YACS-RCOS / hamilton

Streaming Data Pipeline for YACS, and hopefully other things too!
1 stars 0 forks source link

Create Specification for Hamilton Source Format Version 1.0 #3

Open Bad-Science opened 6 years ago

Bad-Science commented 6 years ago

The specification for how sources should expose data needs to be formally defined. This purpose of this issue is to document the source format in an unambiguous way, with some examples included.

This specification will be used by every source for the foreseeable future, so it must be well polished. We will aim to support this Version 1.0 indefinitely, although that is not guaranteed at this time.

Some R&D has been done in creating the prototype, codenamed malg, but further refinement is needed. We have decided to go with a normalized form, instead of the nested form we used in malg. We may decide to add support for nesting or JSON pointers in a future minor version 1.X, however.

Bad-Science commented 6 years ago

Working on this in #5

This is what the draft looks like as of now:

Sources

A Hamilton instance can consume any number of sources. A source is meant to be an adapter between a stateful data source and the Hamilton pipeline. These sources may contain entirely disjoint data sets, or may contain overlapping or incomplete collections and records. The Hamilton pipeline will automatically resolve and amalgamate all of the collections and records from each of the sources.

To allow for this, and to simplify development, all sources must comply with the given specification (below). As long as the source complies with the specification, it can be written in any language or framework, and may interface with any external services or dependencies.

Specification

The source format borrows most of its structure from json:api, with a few modifications. The most significant difference is in the "relationship object". The Hamilton "relationship object" allows for relationships defined by arbitrary fields.

A source SHOULD represent a logical or physical source of data. A source MUST contain one or more HTTP endpoints. Each endpoint MUST respond with JSON. The JSON response MUST have the top-level objects meta and data.

The meta field MUST contain the field source. The source field containts meta-information on the source itself. It MUST be an object and MUST have the following fields:

The data field contains the records themselves. It MUST be an array containing zero or more objects. We will call these objects Records.

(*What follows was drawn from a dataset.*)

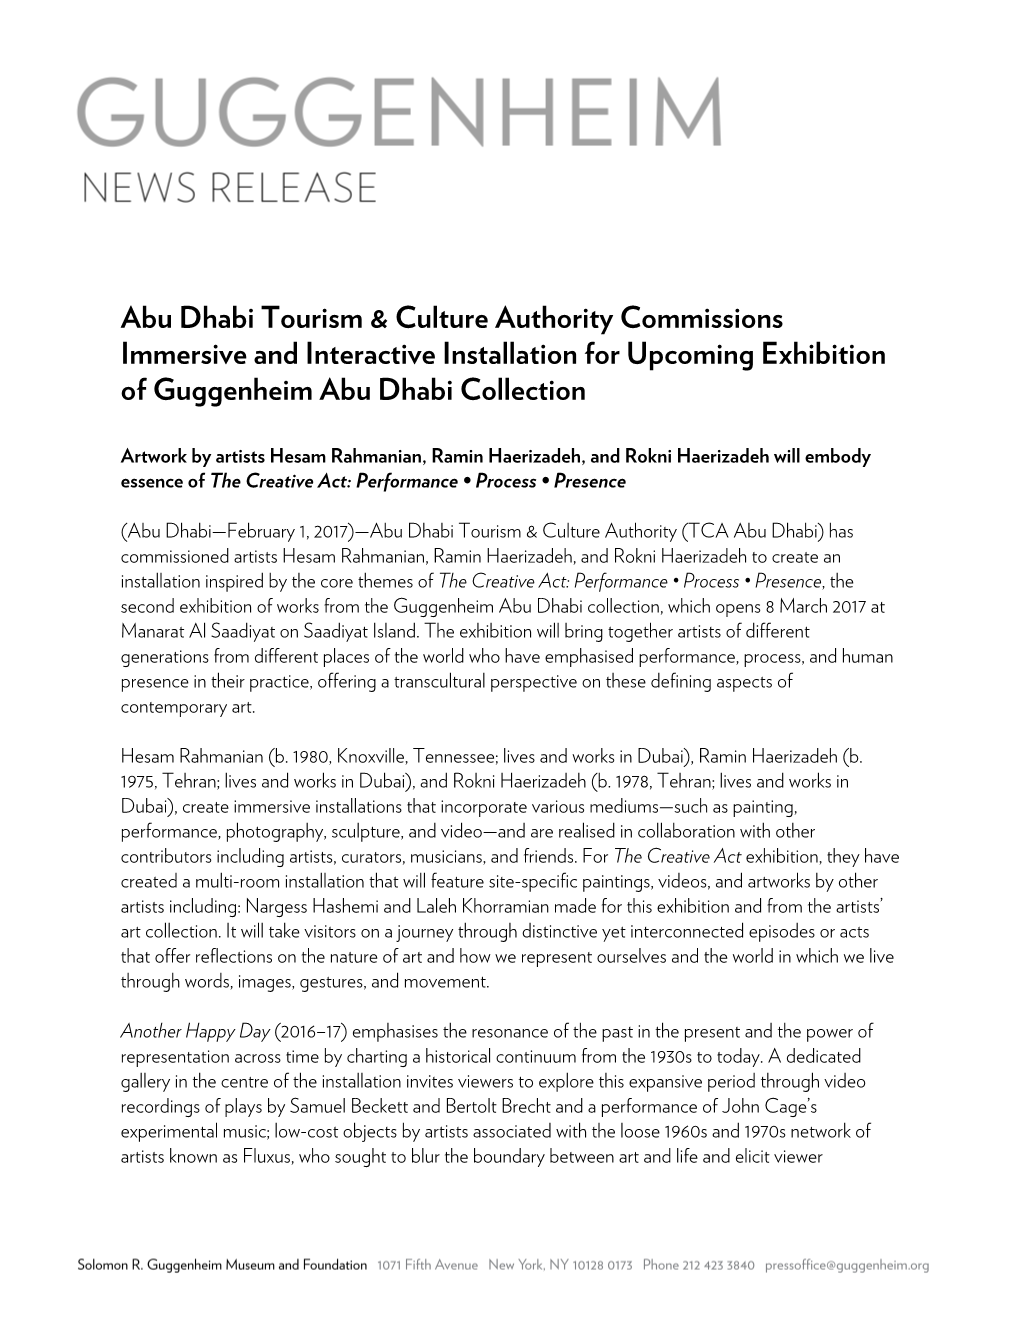 Abu Dhabi Tourism & Culture Authority Commissions Immersive

Each record in MUST have the following fields:

Examples

{
    "meta": {
        "source": {
            "type": "courses",
            "name": "catalog"
        }
    },
    "data": [
        {
            "type": "courses",
            "id": "courses/CSCI/1200",
            "attributes": {
                "shortname": "CSCI 1200",
                "number": "1200",
                "longname": "Data Structures",
                ...
            },
            "relationships": {
                "subject": {
                    "data": {
                        type: "subjects",
                        "attributes": { "shortname": "CSCI" }
                    }
                }
            }
        },
        {
            "type": "courses",
            "id": "courses/MATH/2400",
            "attributes": {
                "shortname": "MATH 1200",
                "number": "2400",
                "longname": "Differential Equations",
                ...
            },
            "relationships": {
                "subject": {
                    "data": {
                        type: "subjects",
                        "attributes": { "shortname": "MATH" }
                    }
                }
            }
        }
    ]
}
{
    "meta": {
        "source": {
            "type": "sessions",
            "name": "sis"
        }
    },
    "data": [
        {
            "type": "sessions",
            "id": "sessions/201809",
            "attributes": {
                "shortname": "201809",
                "longname": "Fall 2018"
            }
        }
    ]
}
{
    "meta": {
        "source": {
            "type": "sections",
            "name": "sis"
        }
    },
    "data": [
        {
            "type": "sections",
            "id": "sections/CSCI/1200/201809/01",
            "attributes": {
                "shortname": "01",
                "seats": 10,
                "seats_taken": 8,
                "status": "open"
            },
            "relationships": {
                "session": {
                    "data": {
                        "type": "sessions",
                        "attributes": { "shortname": "201809" }
                    }
                },
                "course": {
                    "data": {
                        "type": "courses",
                        "attributes": { "shortname": "CSCI 1200" }
                    }
                }
            }
        }
    ]
}